■ **SUPPLIED INFORMATION**
*-*-*

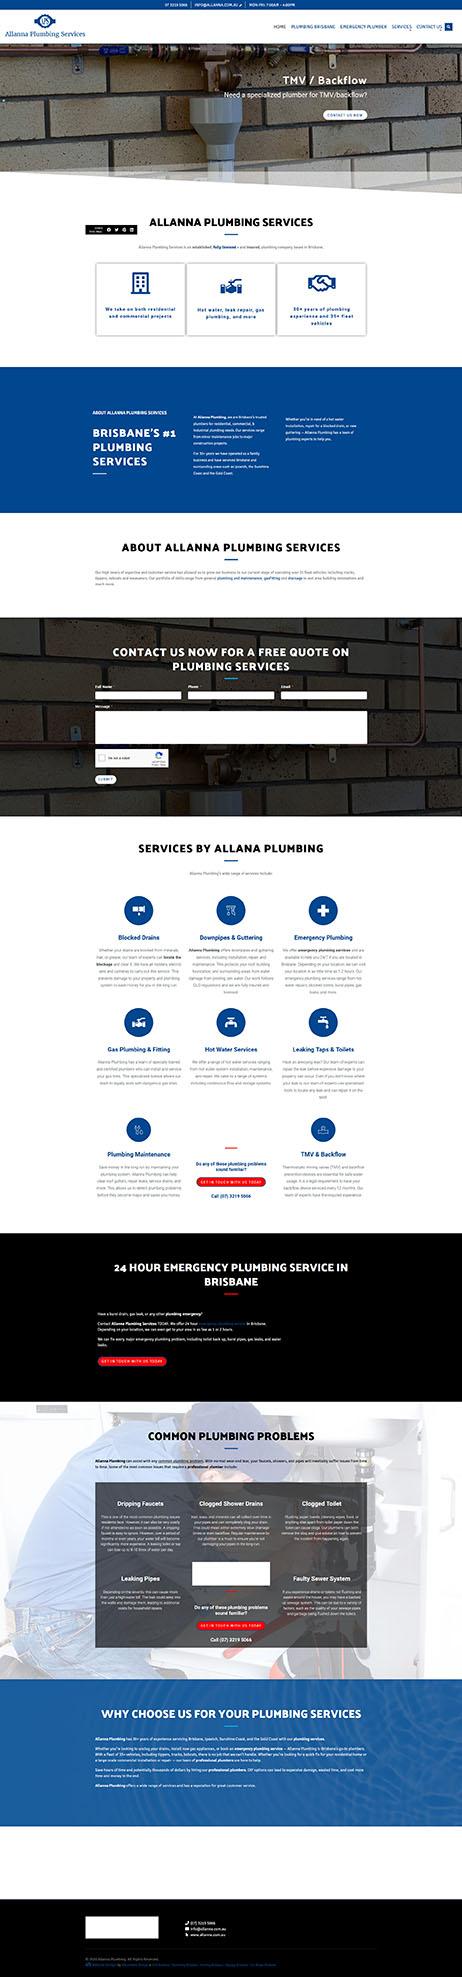 Allanna Plumbing: Desktop View
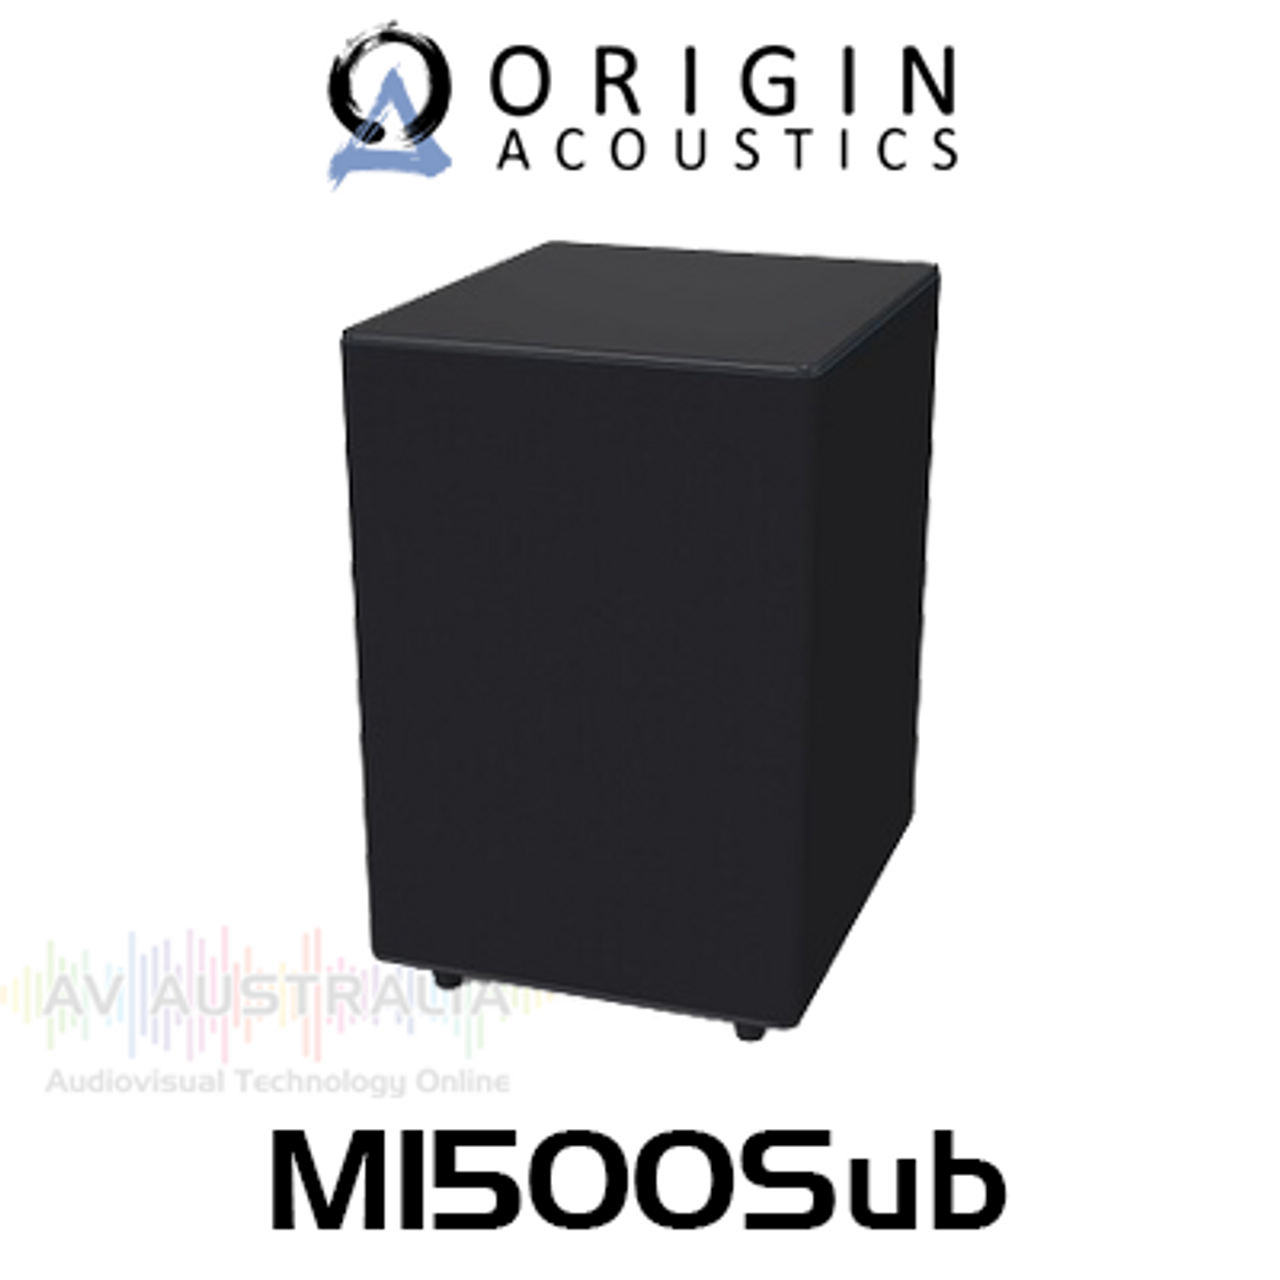 """Origin Acoustics Marquee M1500Sub 15"""" Passive Subwoofer"""
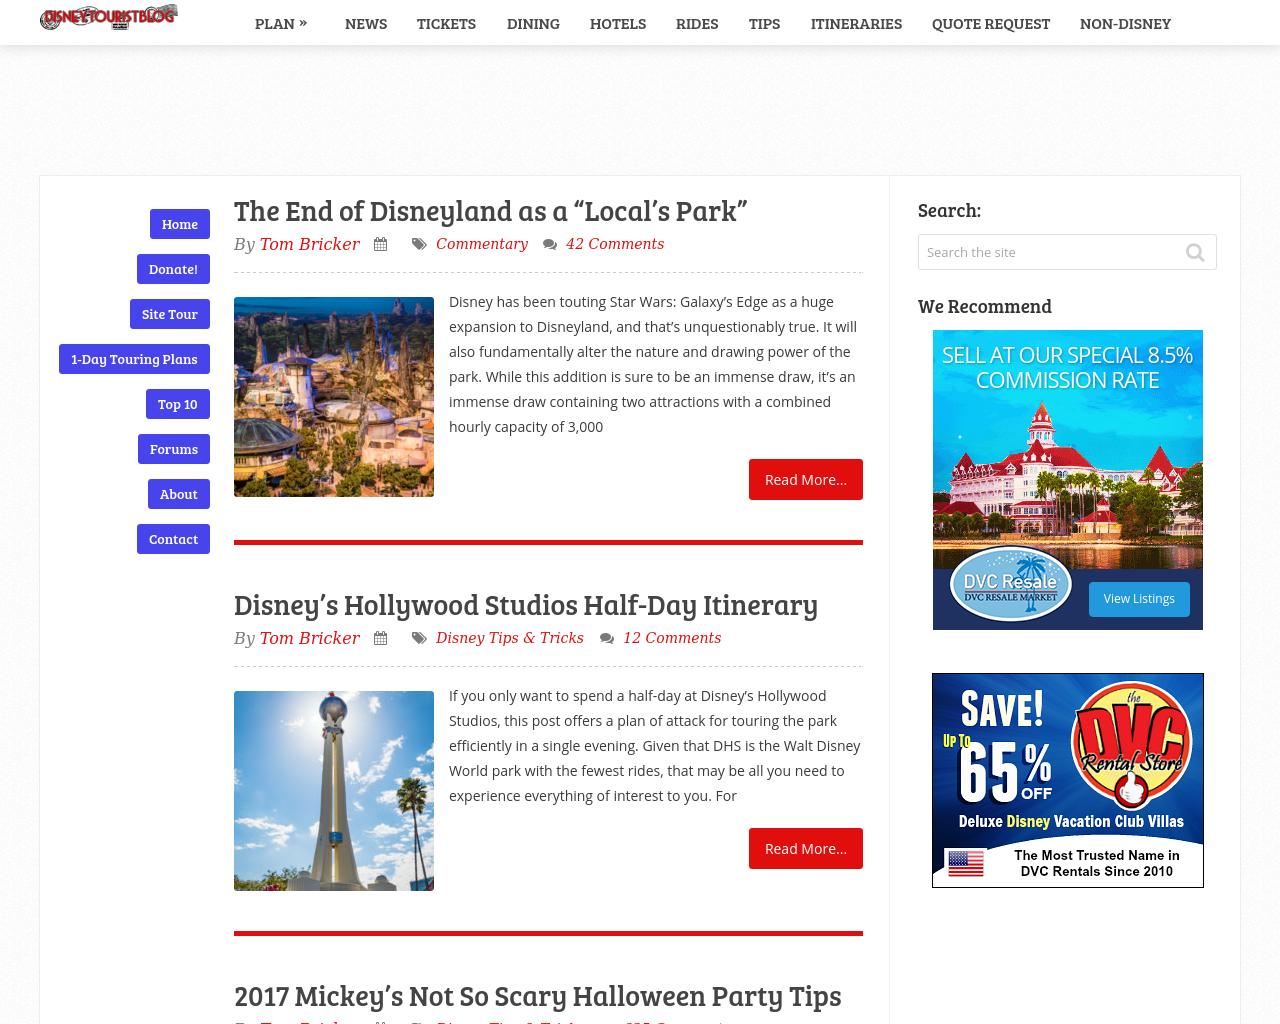 Disneytouristblog.com-Advertising-Reviews-Pricing

*-*-*

■ **INSTRUCTIONS TO FOLLOW**
With the pictures left out, give again exactly the lines from the one with "Acoustics Marquee M1500Sub" through the end of the data, both included.

■ **SOLUTION BELOW**
 """Origin Acoustics Marquee M1500Sub 15"""" Passive Subwoofer"""
 Disneytouristblog.com-Advertising-Reviews-Pricing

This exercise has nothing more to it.